__WHAT YOU HAVE TO DO__. Everything in the listing should be transcribed exactly, apart from the pictures.

__DATA SHOWN__.

********************

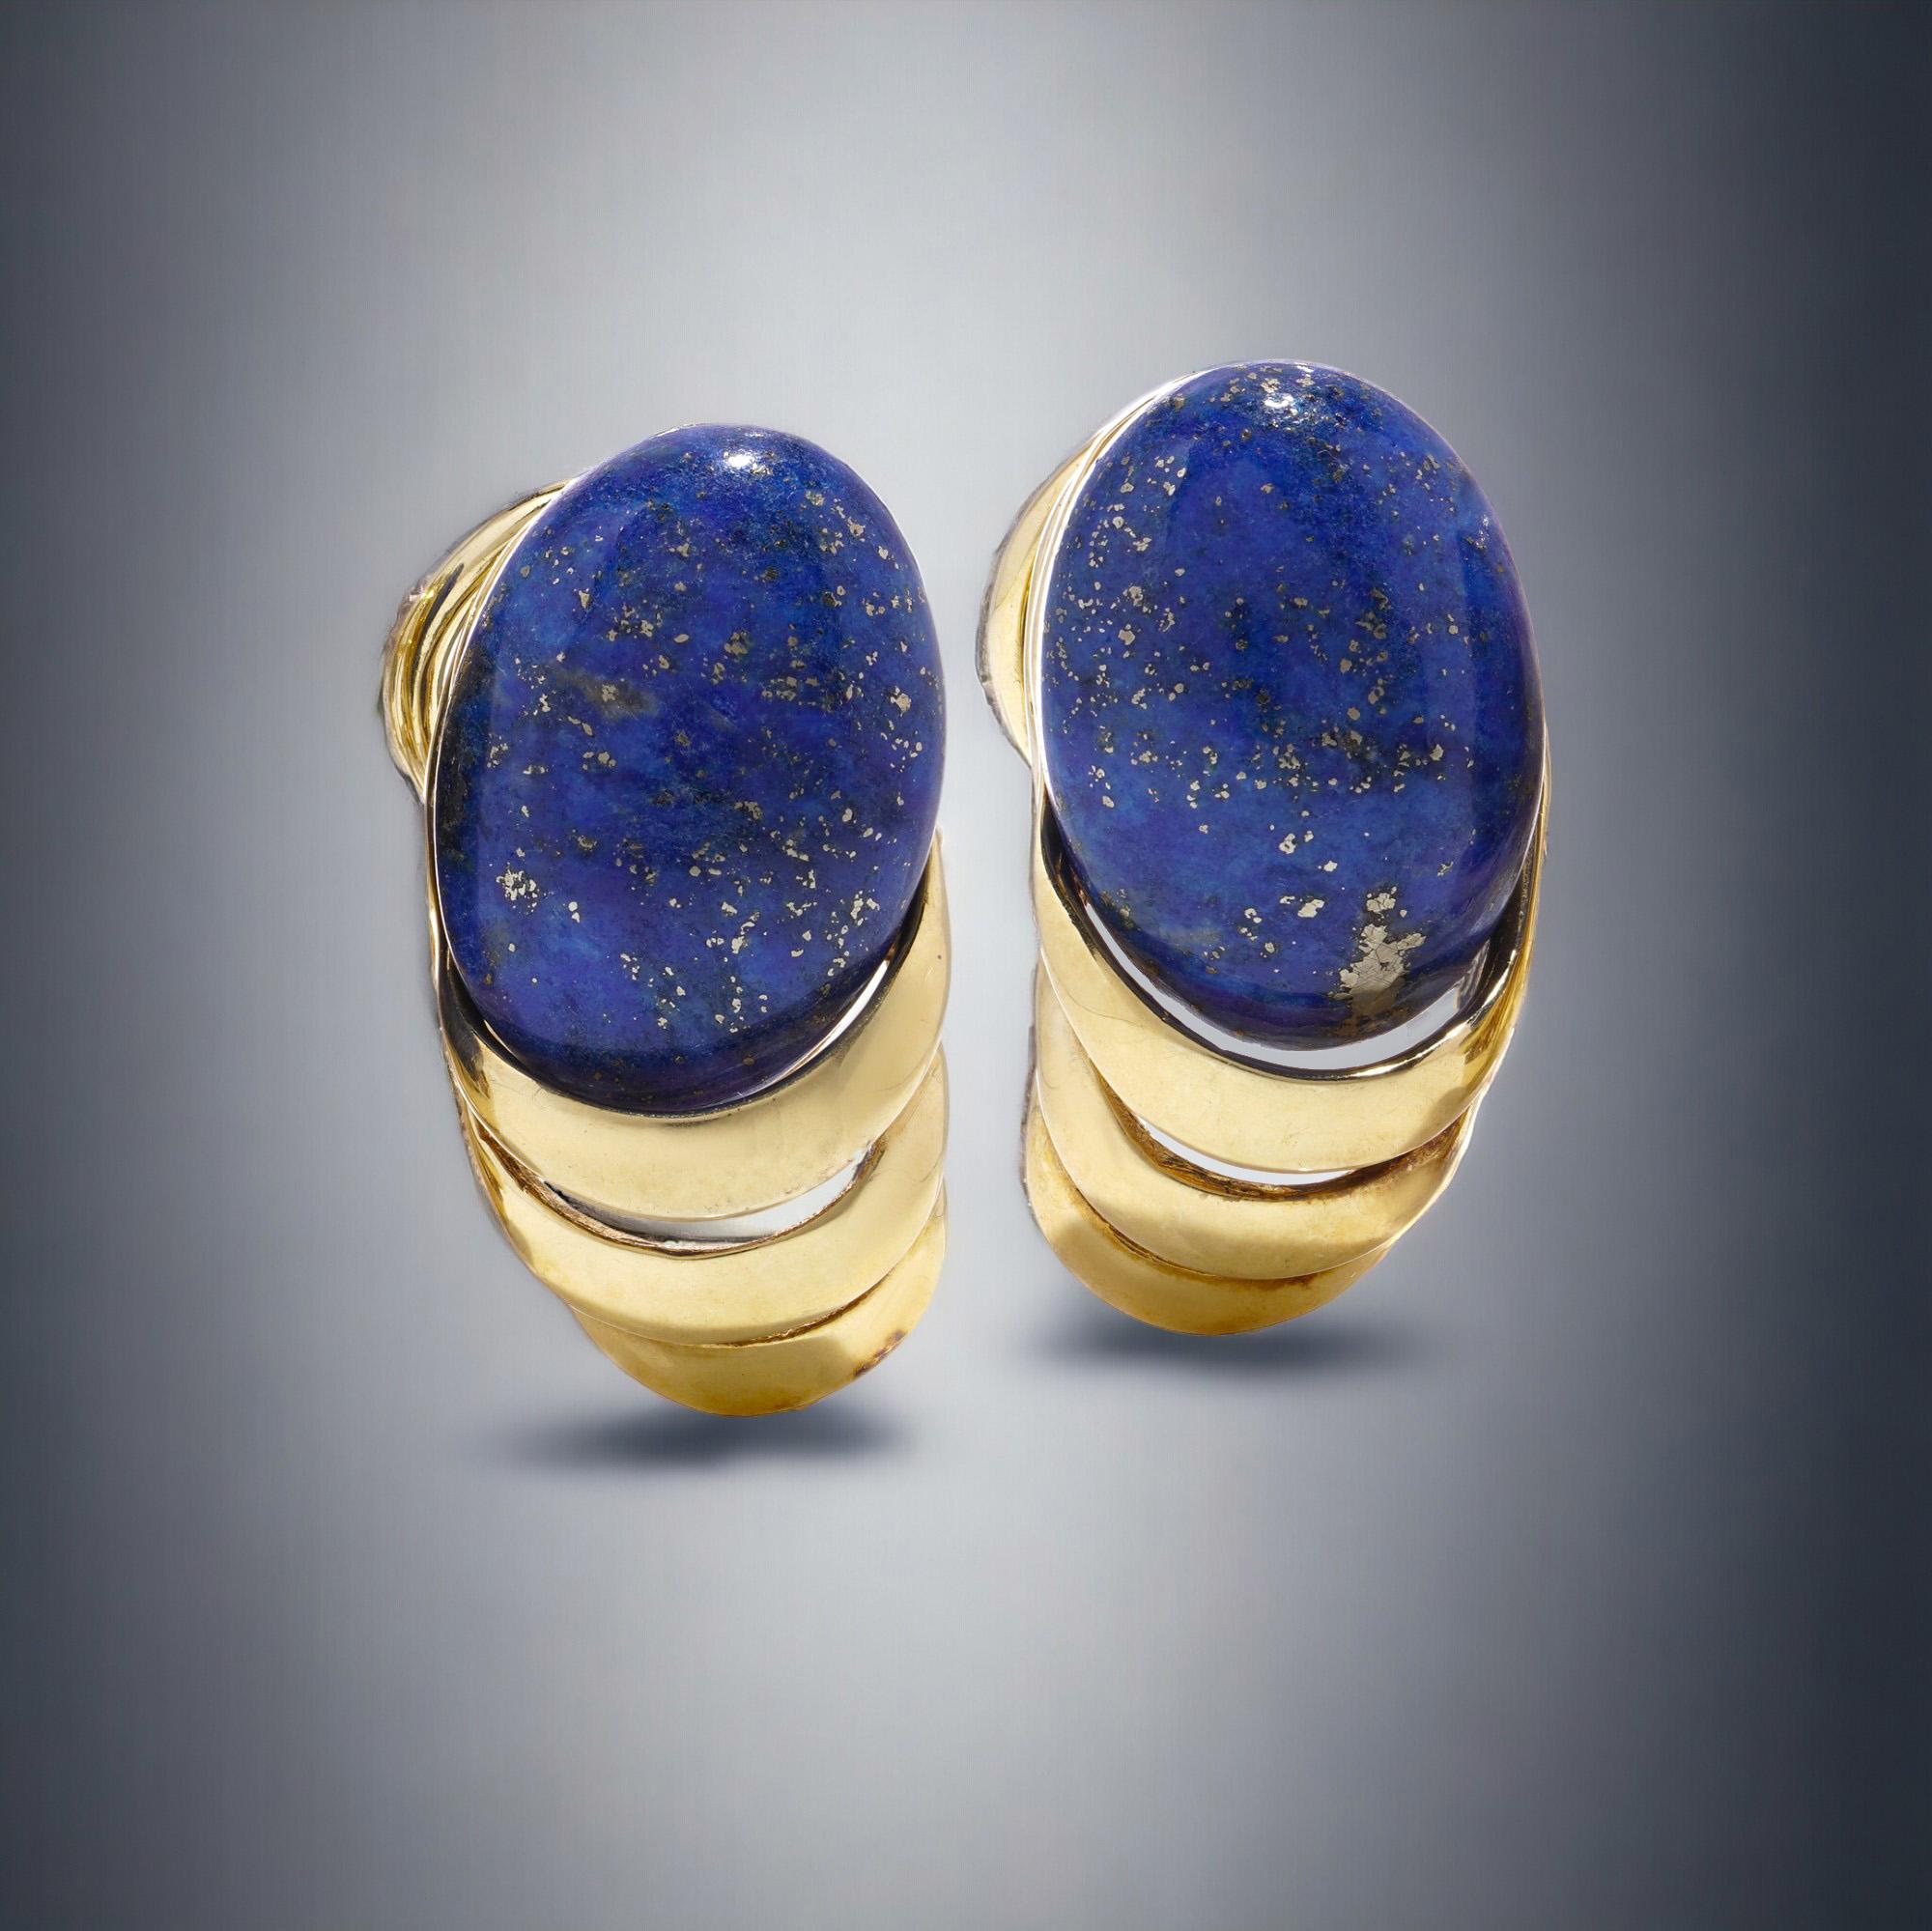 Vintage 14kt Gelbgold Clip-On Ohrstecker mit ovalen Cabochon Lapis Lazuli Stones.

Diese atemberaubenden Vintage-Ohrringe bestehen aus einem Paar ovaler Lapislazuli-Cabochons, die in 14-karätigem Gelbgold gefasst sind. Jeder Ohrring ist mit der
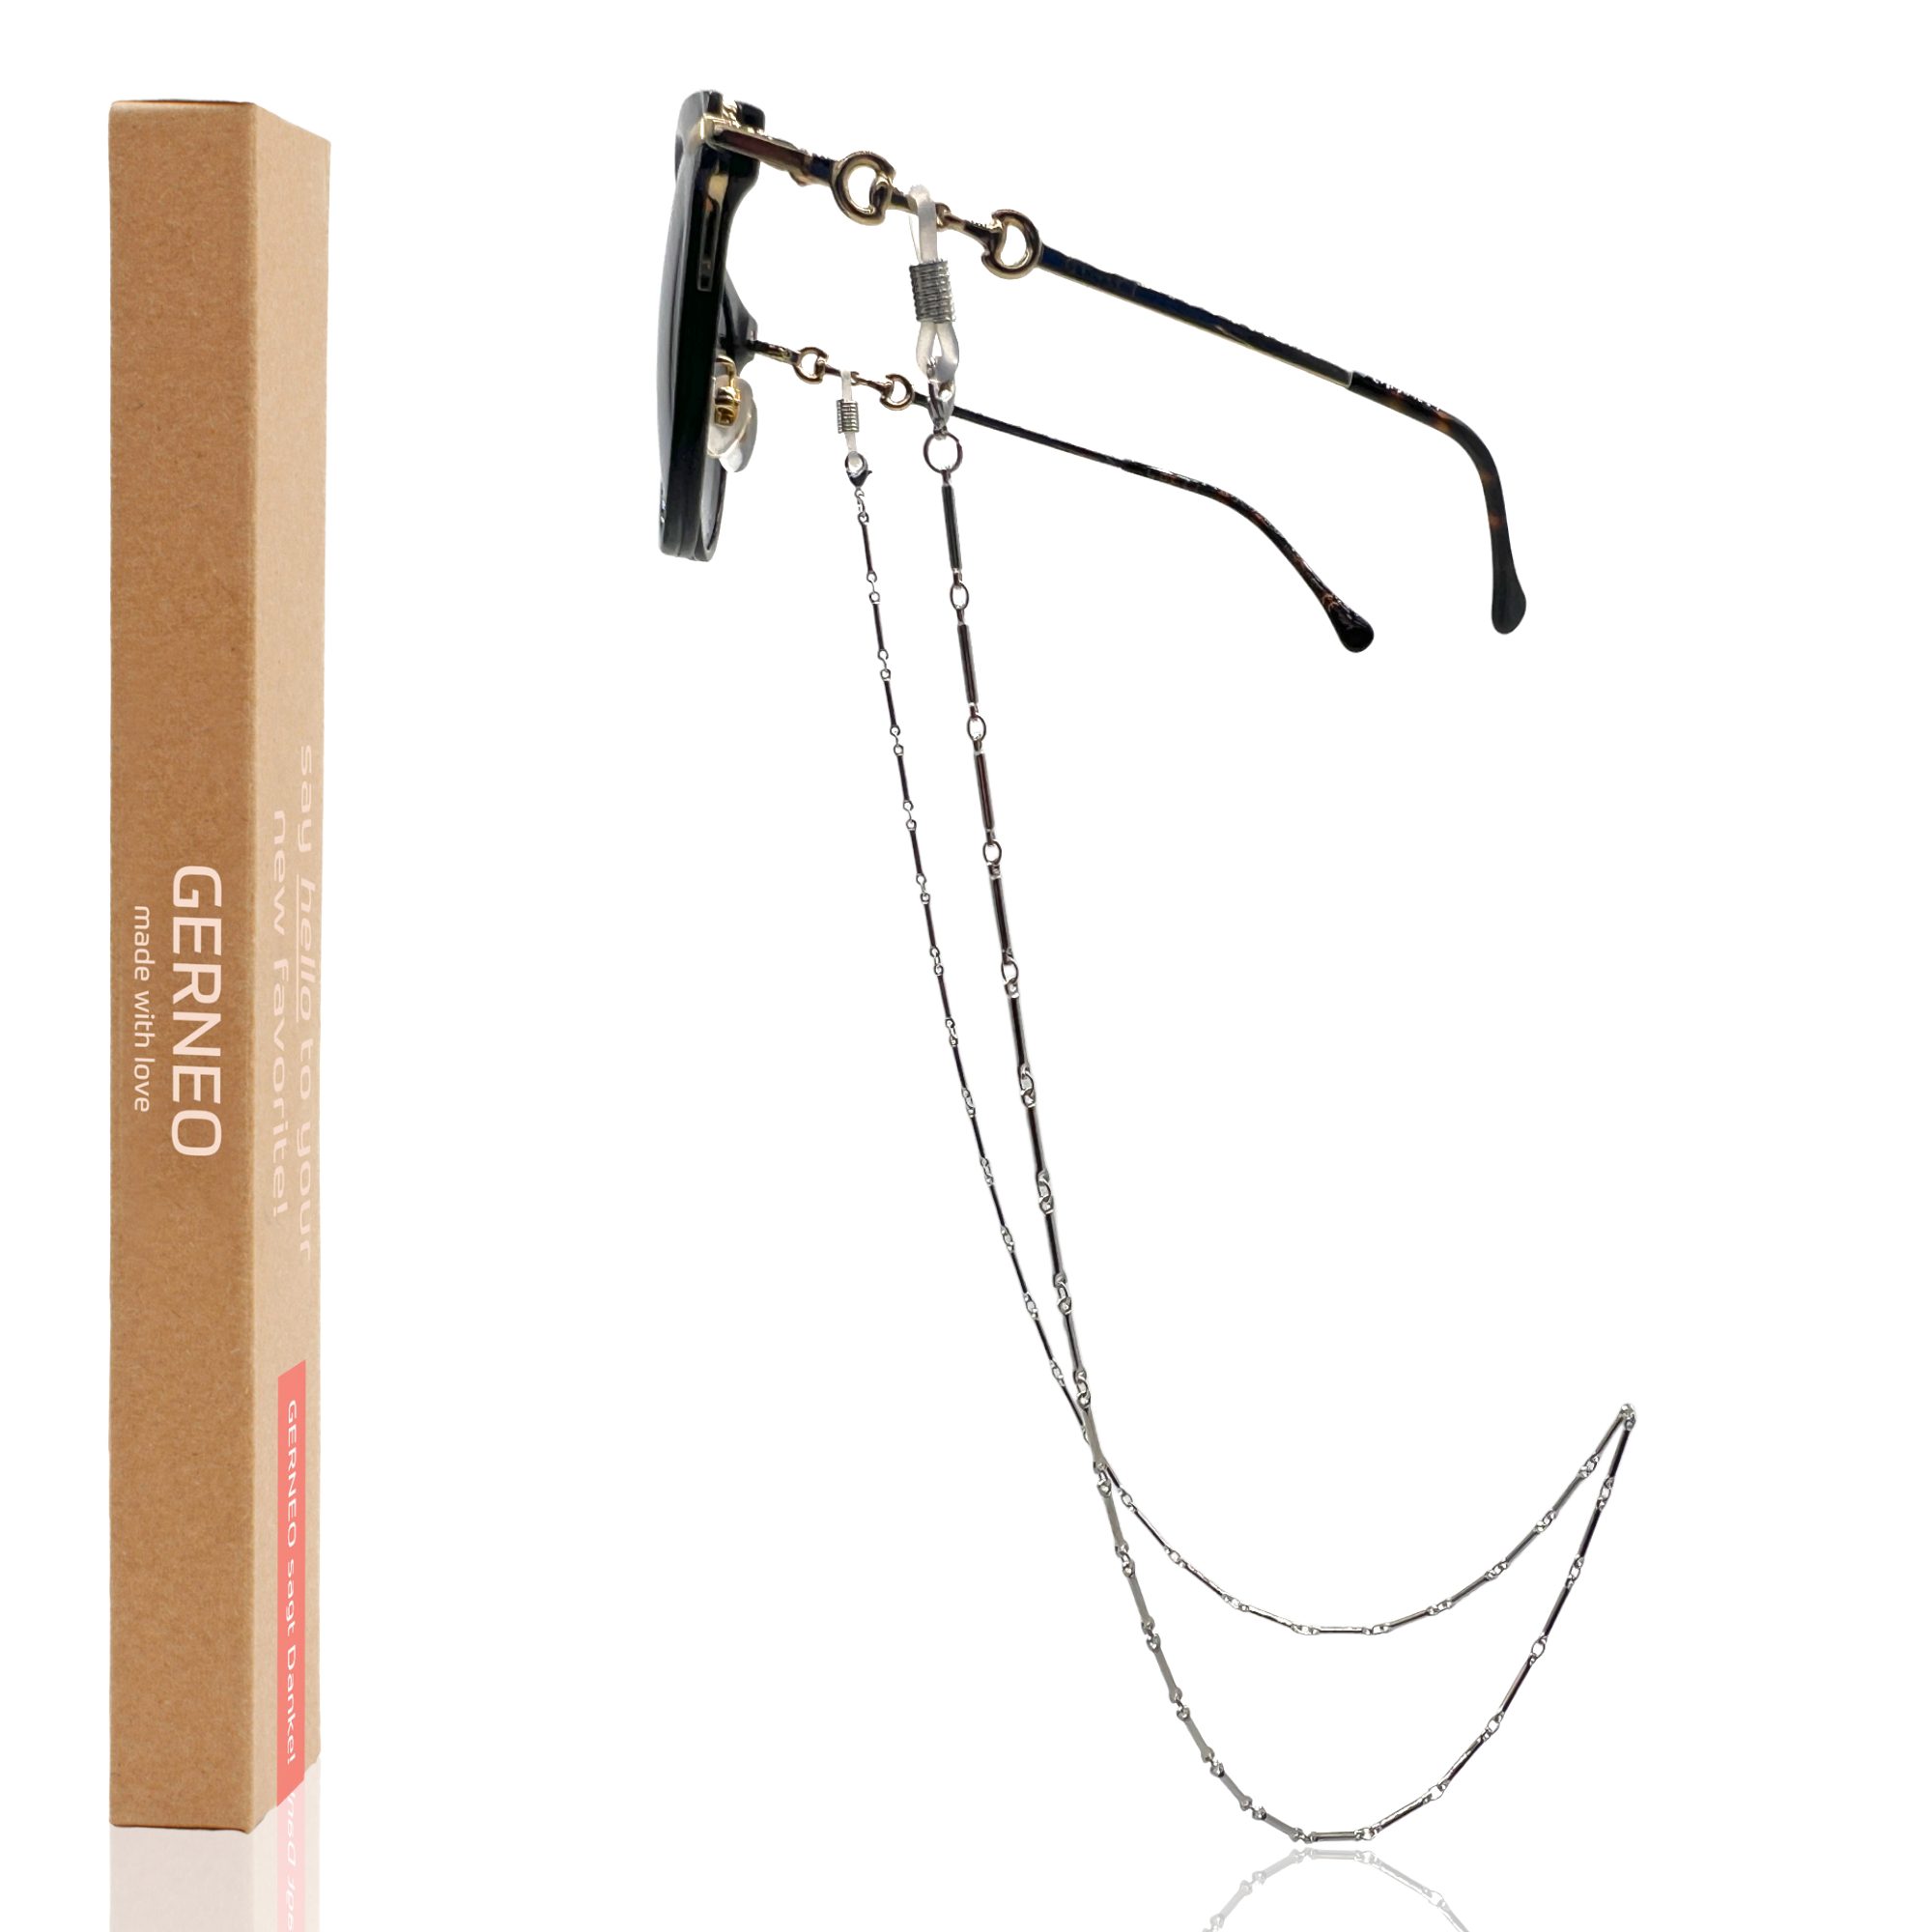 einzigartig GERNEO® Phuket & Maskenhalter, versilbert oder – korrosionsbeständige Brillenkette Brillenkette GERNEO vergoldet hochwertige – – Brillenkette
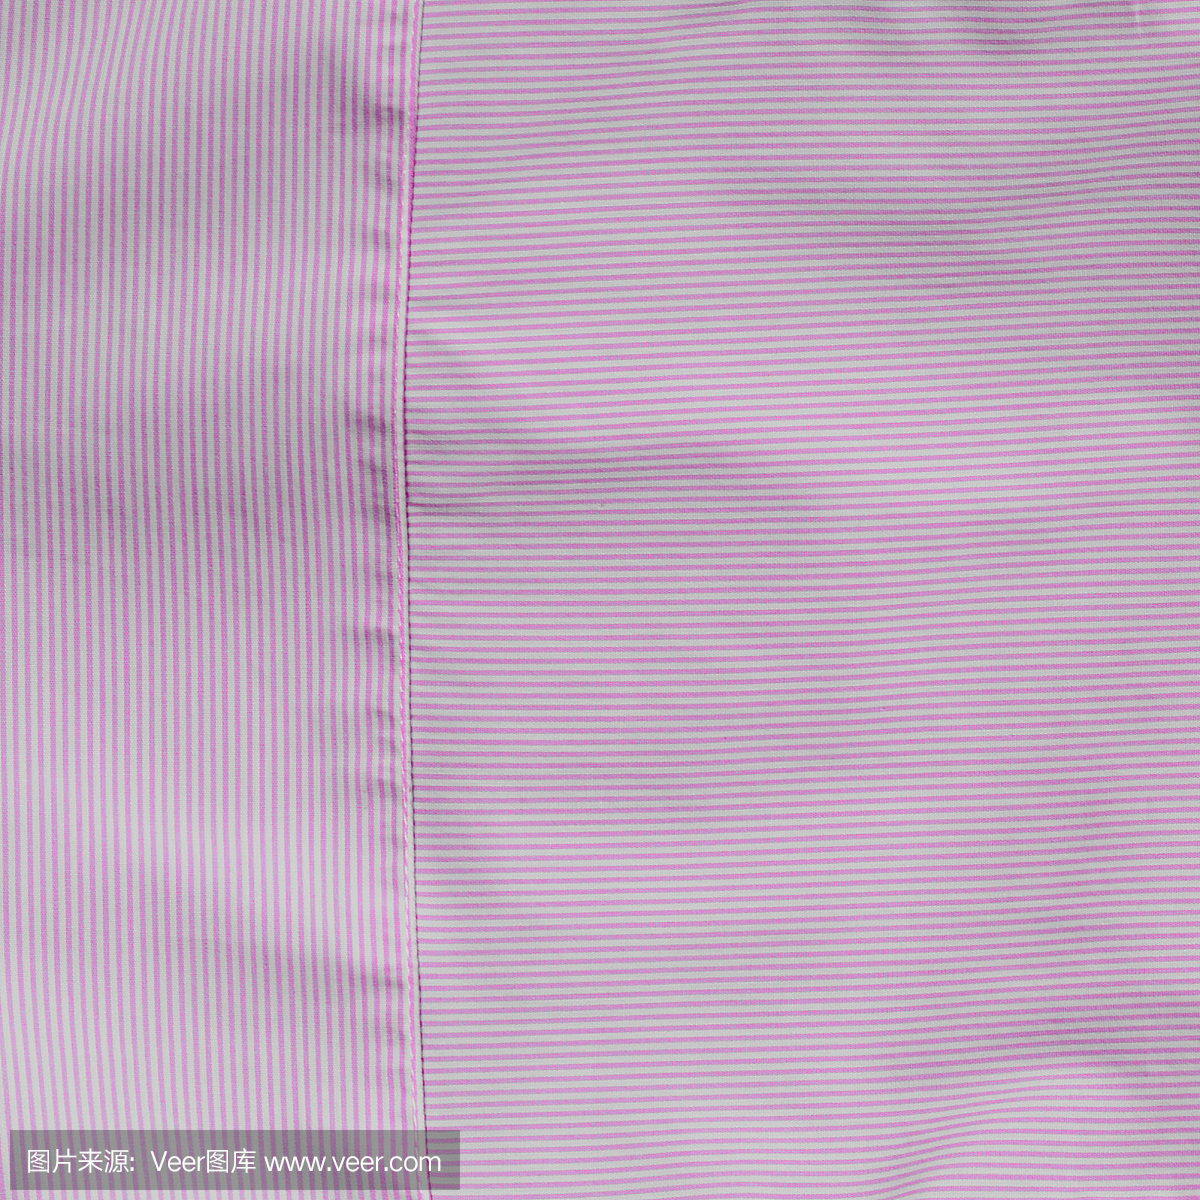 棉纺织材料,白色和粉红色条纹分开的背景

********************

__ANSWER TO THIS PROBLEM__.
 Vintage 14kt Gelbgold Clip-On Ohrstecker mit ovalen Cabochon Lapis Lazuli Stones.

Diese atemberaubenden Vintage-Ohrringe bestehen aus einem Paar ovaler Lapislazuli-Cabochons, die in 14-karätigem Gelbgold gefasst sind. Jeder Ohrring ist mit der
 einzigartig GERNEO® Phuket & Maskenhalter, versilbert oder – korrosionsbeständige Brillenkette Brillenkette GERNEO vergoldet hochwertige – – Brillenkette
 棉纺织材料,白色和粉红色条纹分开的背景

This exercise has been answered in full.